- Country: Iraq Kurdistan Region
- Location: Bawanur in Sulaymaniyah Governorate
- Coordinates: 34°50′29.07″N 045°31′49.74″E﻿ / ﻿34.8414083°N 45.5304833°E
- Purpose: Power, irrigation, flood control
- Status: Under construction
- Construction began: 2013
- Opening date: 2018 est.
- Construction cost: US$200 million
- Owner: Kurdistan Regional Government

Dam and spillways
- Type of dam: Embankment, earth-fill
- Impounds: Diyala River
- Height: 23 m (75 ft)
- Length: 1,190 m (3,900 ft)
- Elevation at crest: 300 m (980 ft)
- Width (crest): 9 m (30 ft)
- Width (base): 148 m (486 ft)
- Dam volume: 1,108,000 m^{3} (1,449,000 cu yd)

Reservoir
- Total capacity: 31,000,000 m^{3} (25,000 acre⋅ft)
- Catchment area: 20,142 km^{2} (7,777 mi^{2})
- Surface area: 4.15 km^{2} (1.60 mi^{2})

Power Station
- Commission date: 2018 est.
- Type: Run-of-the-river
- Hydraulic head: 16 m (52 ft) (net)
- Turbines: 4 x 8 MW Kaplan-type
- Installed capacity: 32 MW

= Bawanur Dam =

Dam in Sulaymaniyah, Iraq

The Bawanur Dam is an earth-fill dam under construction on the Sirwa River, just upstream of the town of Bawanur in Sulaymaniyah Governorate, Kurdistan Region, Iraq. The 23 m (75 ft) tall dam is designed to support a 32 MW run-of-the-river hydroelectric power station. In addition to power generation, the project aims to provide flood control and irrigation water.

Construction works initially began in August 2013 after the Kurdistan Regional Government signed a US$200 million contract with the Romanian firm Hidroconstrucția for the construction of the dam and power station. However, work was later suspended due to the financial crisis in the Kurdistan Region.

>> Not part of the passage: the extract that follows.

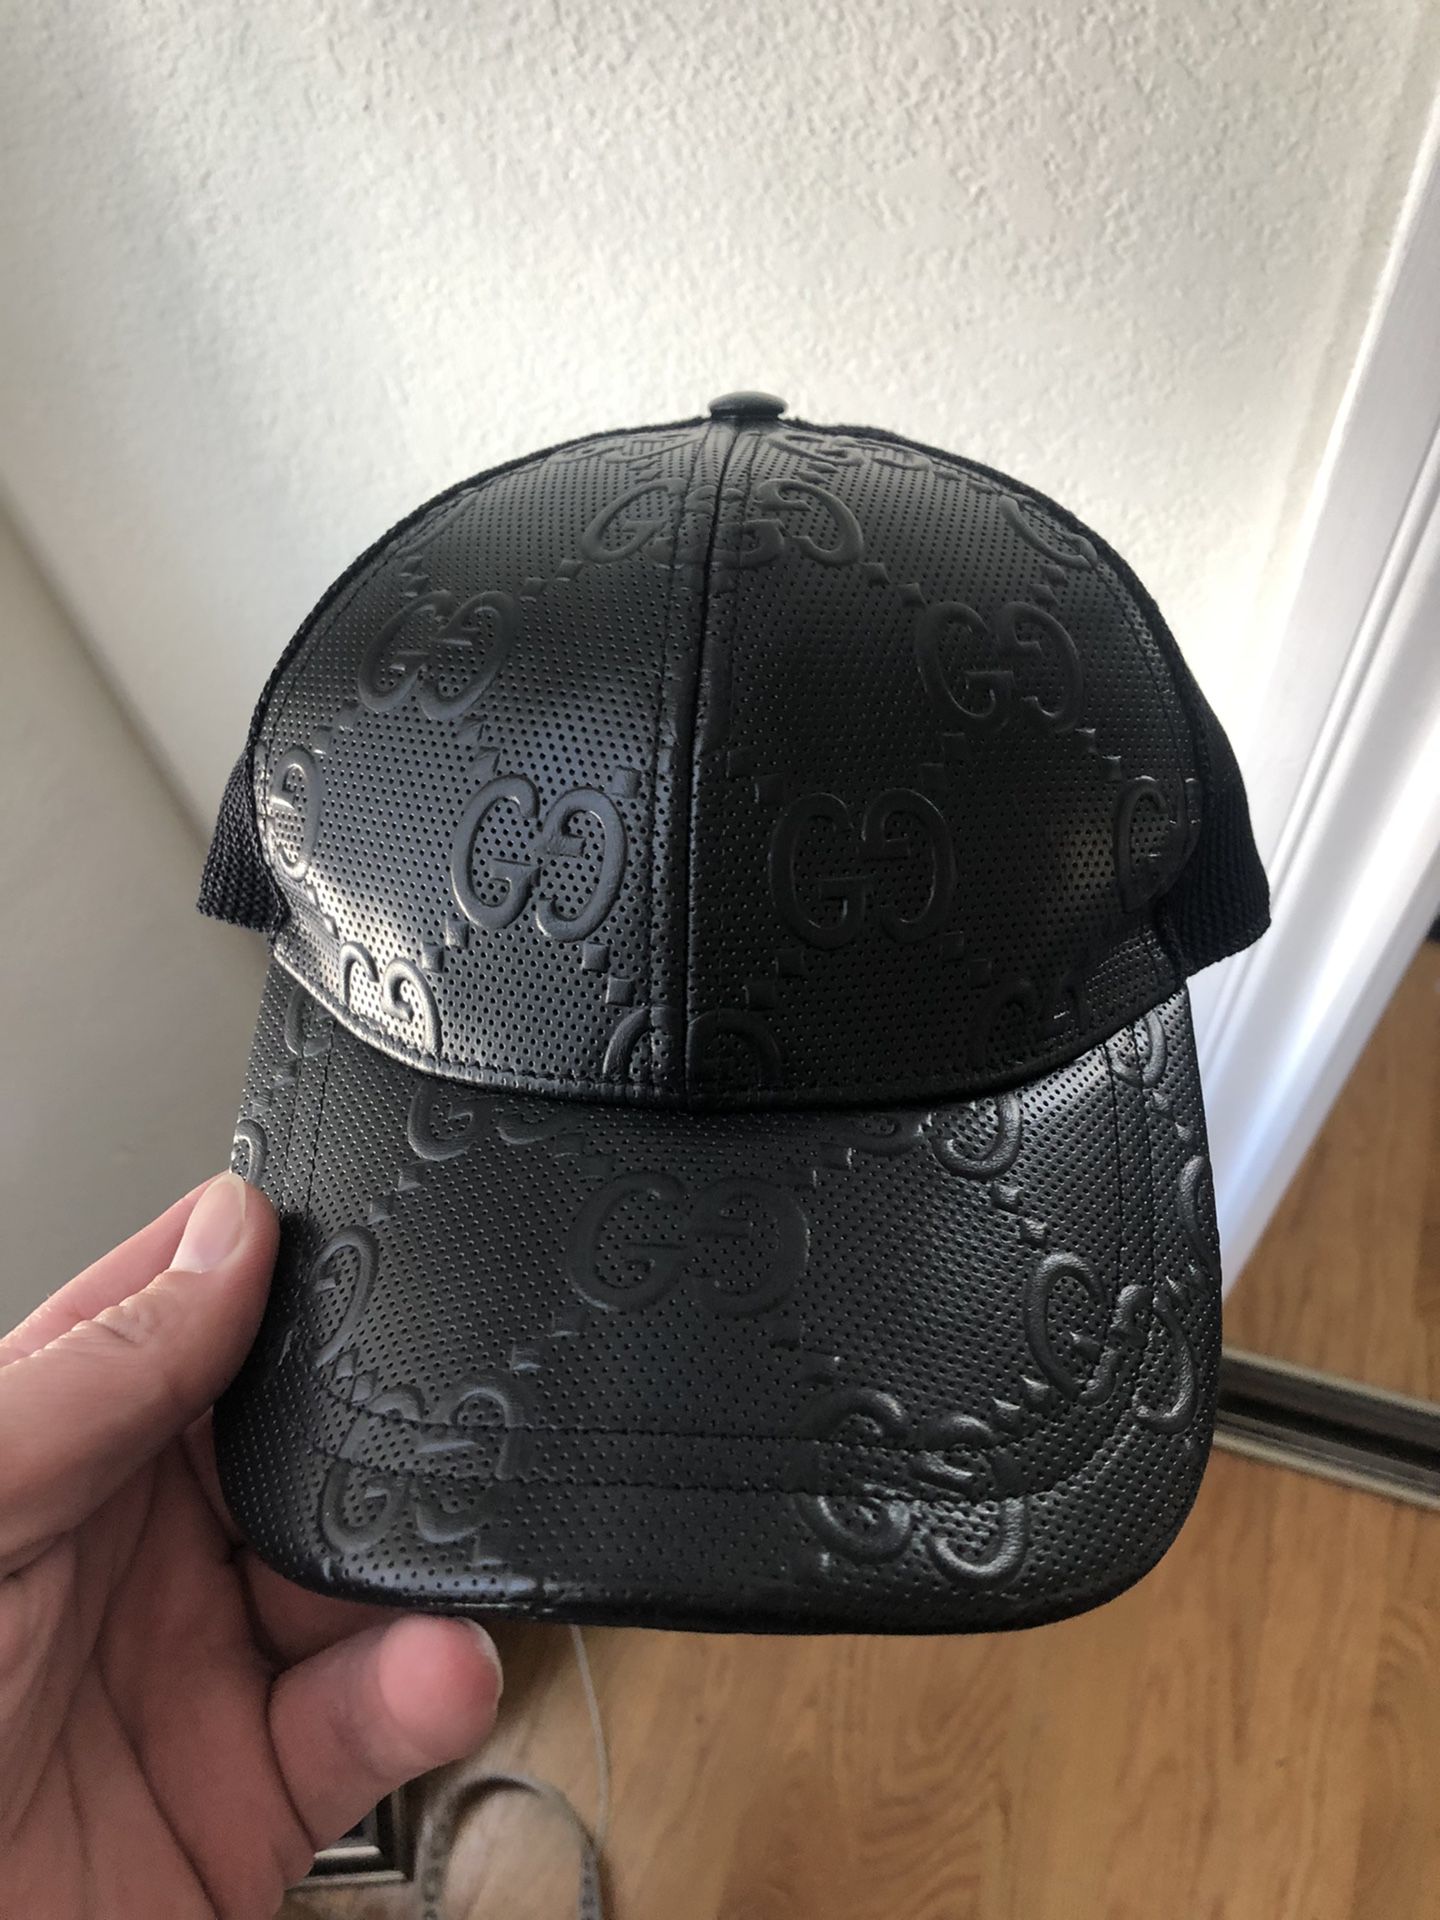 Gucci Trucker Hat

Construction activities resumed in February 2025. Following the 2021 earthquake in Iran, whose seismic effects were felt at Darbandikhan Dam and in the Bawanur Dam project area, the dam is currently undergoing redesign studies. The redesign process is being carried out by a consortium of Turkish companies to reassess structural safety and seismic considerations.